There are a few hits here. Bayou Buffalo is a vinegary, classic-style dupe of the beloved Frank’s. Blackened Ranch is a slightly spicy twist on the ubiquitous creamy dressing. A friend really digs the Sweet Heat, which balances notes of honey and hot sauce, though I find it leans a tad sugary. The top dip by my lights is the Mardi Gras Mustard, which boasts the grainy Creole condiment and lends a complex tang to the equation.

Thus dressed up, our new nugget friends are looking a whole lot better. But sorry, Popeyes, this is no spicy sando-level phenomenon.

Sure, they’re an improvement over the chain’s floppy and unwieldy tenders.

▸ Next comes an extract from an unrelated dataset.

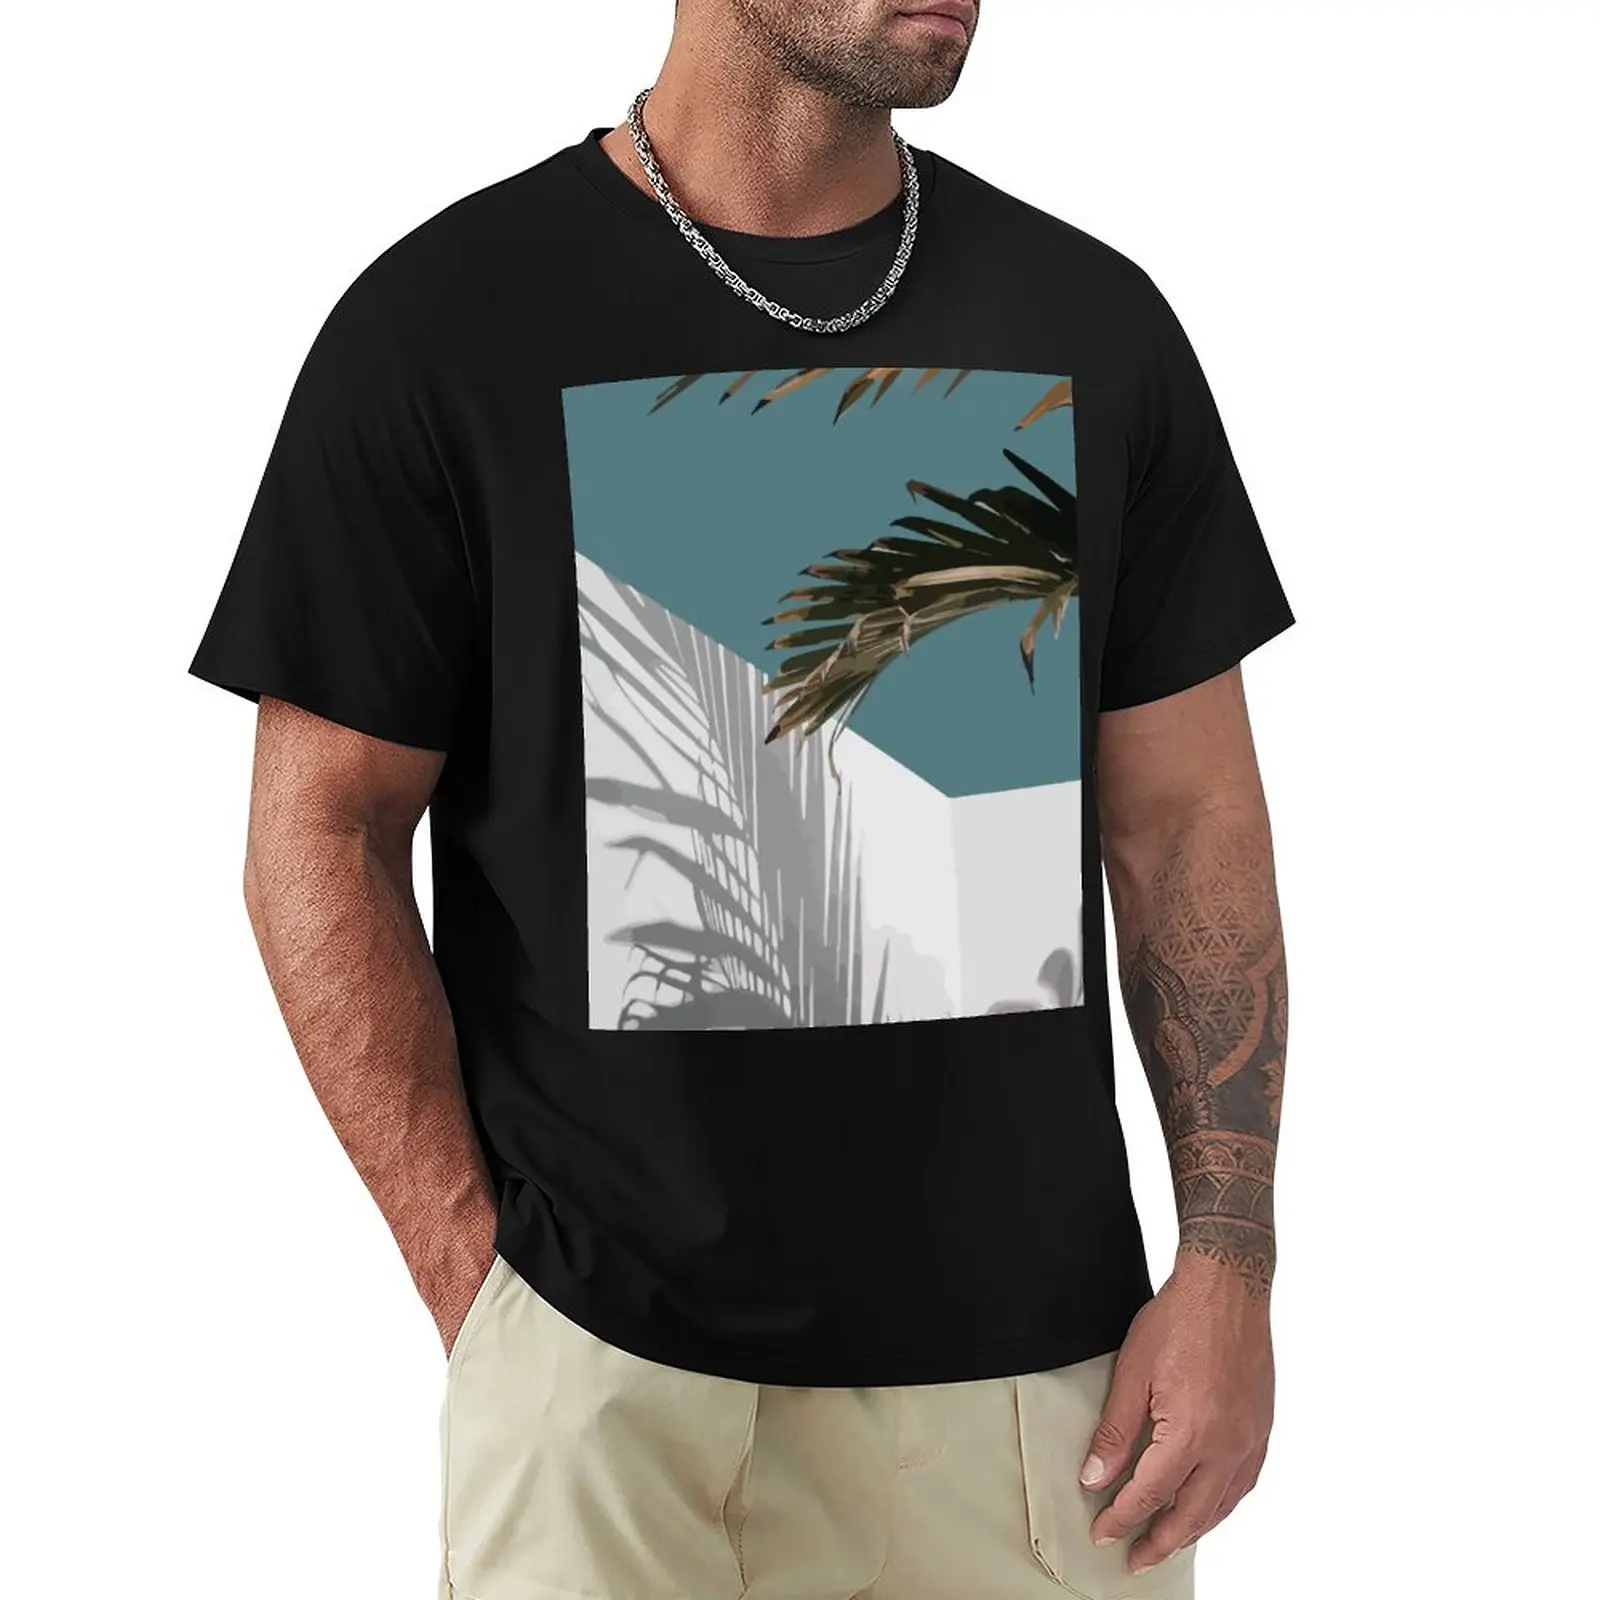 Футболка Palms Vacay, футболка с животным принтом для мальчиков, футболки на заказ, топы больших размеров, мужские футболки

And it practically goes without saying that these are far superior to the classic of the genre, the McNugget, which ignited our collective mania for bits of fried bird way back in 1983. (Though the mooshed-up texture of the Golden Arches’ offering is often made up for by our nostalgia for the stuff of childhood Happy Meals.)

Of course, it would be difficult to replicate the success of the Popeyes spicy chicken sandwich, which nailed a complex layering of texture — the crunchy patty and pillowy bun — and flavor (the slow burn of that sauce!). Nuggets are by nature a simpler bird.

Popeyes’s marketing campaign around the nuggets was bold, with advertisements proposing to its rival fast-food chains an end to the Chicken Wars that its sandwich ignited. The stunts included donations of its competitors’ nuggets to a food bank, and the chain offered the assurance that “we come in piece” (get it?).

Despite the company’s Kumbaya-esque entreaty, the Chicken Wars are still raging out there, and a decent nugget that needs a sauce dip just isn’t enough firepower to demand a truce.